Kerry focused on pocketbook issues during a speech in Milwaukee, the first of a series of speeches aides described as the campaign's "closing arguments."

"Right now, we've got an economy where, for too many people, the American Dream is harder and harder to reach," Kerry told students at Milwaukee Area Technical College.

"Jobs are being shipped overseas," Kerry said, "and his administration says outsourcing is good for us. He's the first president to lose jobs in 72 years, and they say it's time to celebrate."

Kerry portrayed the president as out of touch with the everyday challenges facing families.

"George Bush has had four years to do something — anything — to create an economy where hard working Americans can live out their dreams," Kerry said. "The problem is, this president just doesn't understand what's happened to our economy."

"The bottom line is this," Kerry said, "this economy has a bad case of the flu and we need a new medicine.

The president said Kerry doesn’t seem to understand the connection between jobs and education.

"In the final debate I talked about the vital link between education and jobs; the senator didn't seem to get it," Mr. Bush told supporters in Cedar Rapids.

Mr. Bush said good jobs begin with education and that Kerry "failed to recognize the changing realities of today's world and the need for reform."

The administration's programs for job retraining and accountability in the nation's schools have drawn strong criticism from the Kerry campaign, which says they are inadequately funded.

The president is taking a calculated risk by focusing on jobs. Though Iowa's unemployment rate is 4.5 percent, well below the national rate of 5.4 percent, the state has lost 28,000 jobs since Mr. Bush took office, with the Cedar Rapids area losing 10,000.

Mr. Bush flew to Iowa on the homestretch of more than a week on the campaign trail that included stops in St. Louis and Tempe, Ariz., for the last two debates. After his Iowa appearance, Mr. Bush was heading to Wisconsin.

The latest polls show the race remains extremely tight. A new poll by the Scripps Survey Research Center shows Kerry with a 50-45 percent lead over Mr. Bush among registered voters. However, Mr.

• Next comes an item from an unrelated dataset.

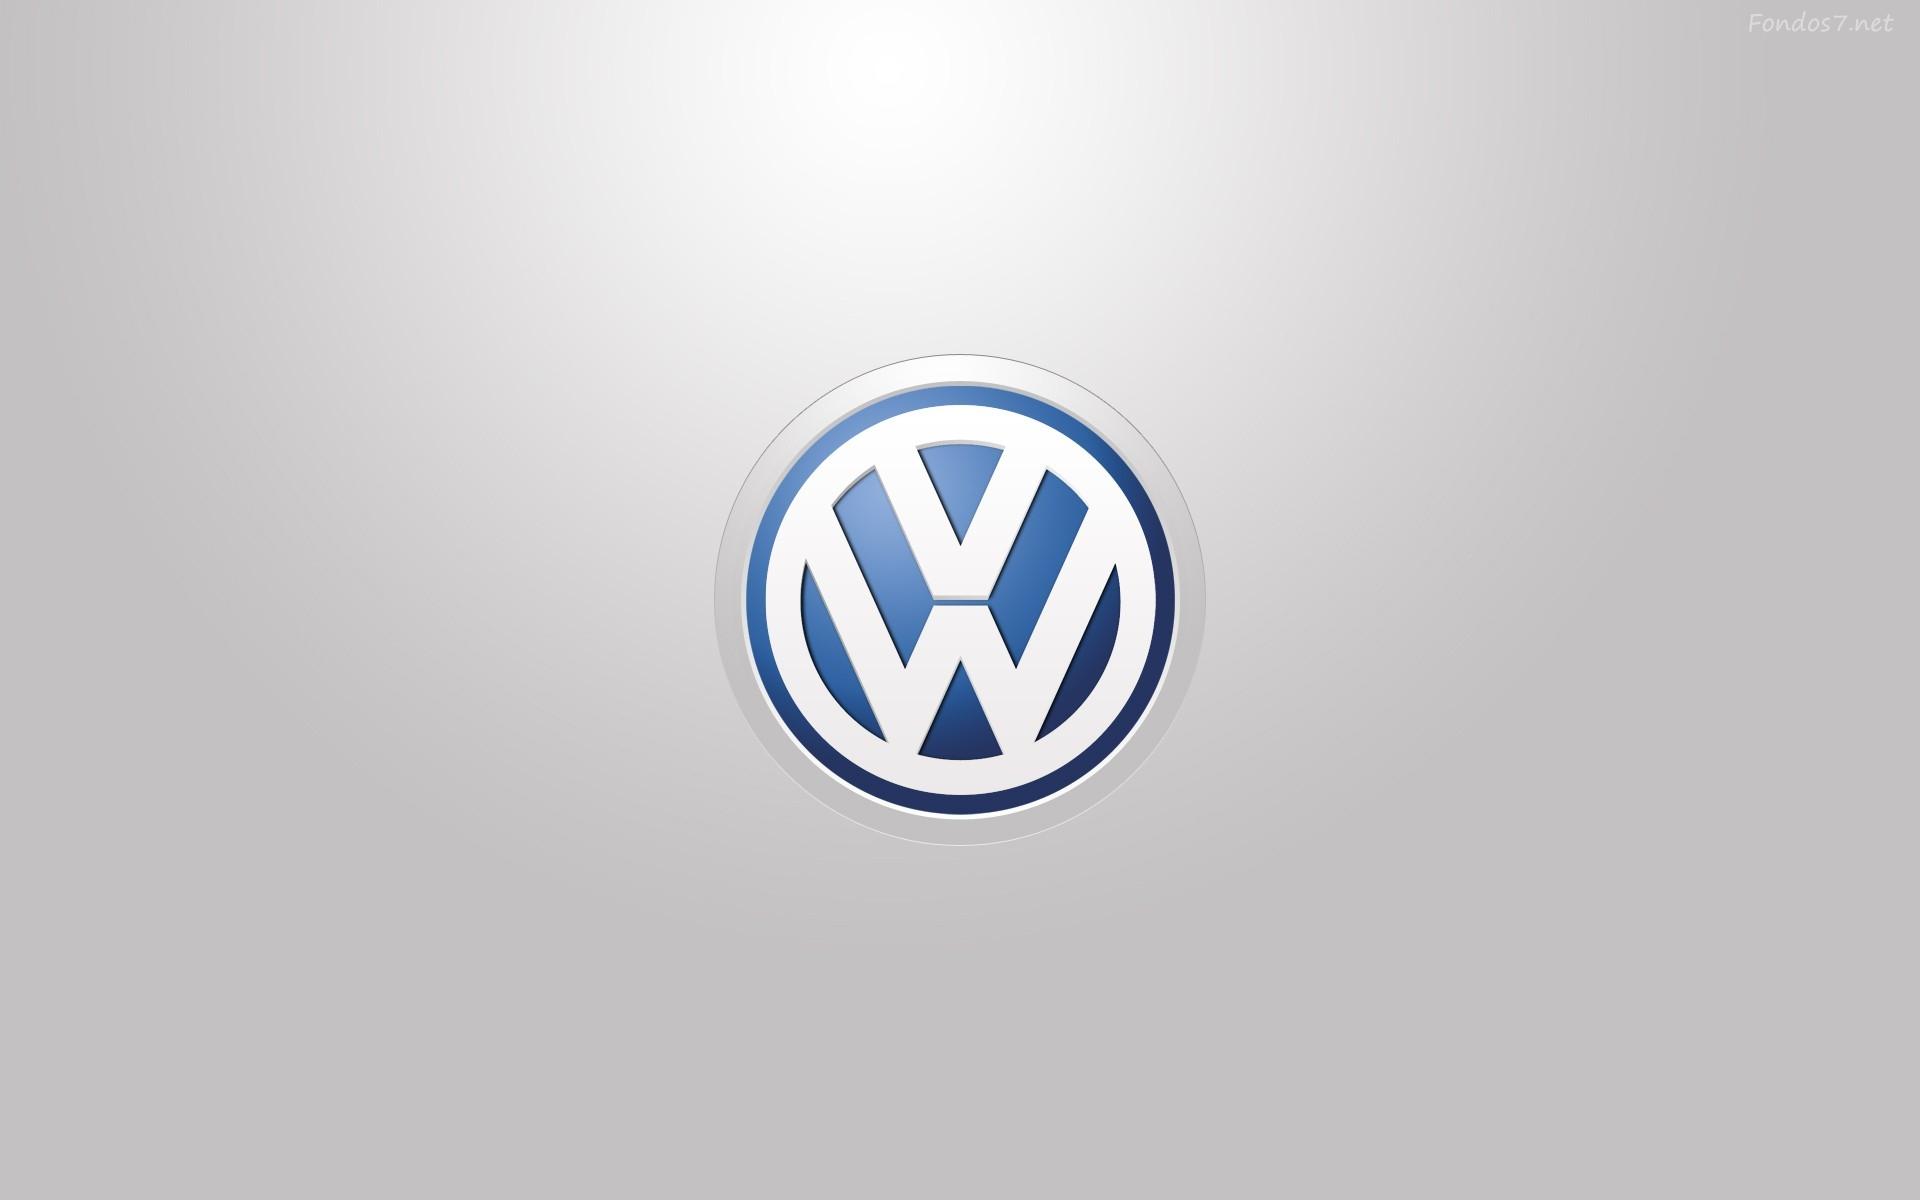 Fondos de pantalla volkswagen logo hd widescreen Gratis imagenes 7963 1920x1200

Bush had a slight lead over Kerry among likely voters in the same poll. A Washington Post tracking poll has the race dead even, while a Zogby tracking poll gives Mr. Bush a 4-point lead.

A poll of military members and their families by the National Annenberg Election Survey shows Mr. Bush is more trusted to be commander in chief than Kerry, by a 69-24 margin.

The military sample was far more likely to be Republican than Democratic, which could help explain the more favorable view of the president. Four in 10, 43 percent, of the military sample said they were Republicans, while 19 percent said Democrats and 27 percent independents.

Those in the military and their families have a more favorable view of the president than Americans generally, and they take a more optimistic view about Iraq, the economy and the nation's direction.


99.9% of those too stupid to use a punch card ballot plan to vote for Kerry

Link Posted: 10/16/2004 11:09:36 AM EDT
[#1]
Link Posted: 10/16/2004 12:53:14 PM EDT
[#2]
Well...I see a WHOLE LOT more pro Bush bumper stickers on cars in my town than I see pro Kerry stickers.

But, on a side note...
When I do see a pro Kerry sticker, I always try to drive up next to them, to see what kind of person they look like.
They usually DO look like someone too stupid to use a punch card ballot.
Link Posted: 10/16/2004 4:04:41 PM EDT
[#3]

Quoted:
Well...I see a WHOLE LOT more pro Bush bumper stickers on cars in my town than I see pro Kerry stickers.




Well that's a scientific poll.  Bush has a solid lead amoung those more likely to own cars, and willingly put sticky glue on their cars.
Link Posted: 10/16/2004 4:08:09 PM EDT
[#4]
Mr. Bush is not his title.  
Link Posted: 10/16/2004 4:23:27 PM EDT
[#5]
Link Posted: 10/16/2004 4:35:11 PM EDT
[#6]
The biased liberal left-leaning ax-grinding news media is trying to help out Kerry, with some better numbers. The L.A. Times was saying that ex-Gov Grey Davis was leading in the polls until they declared Ahnold the winner.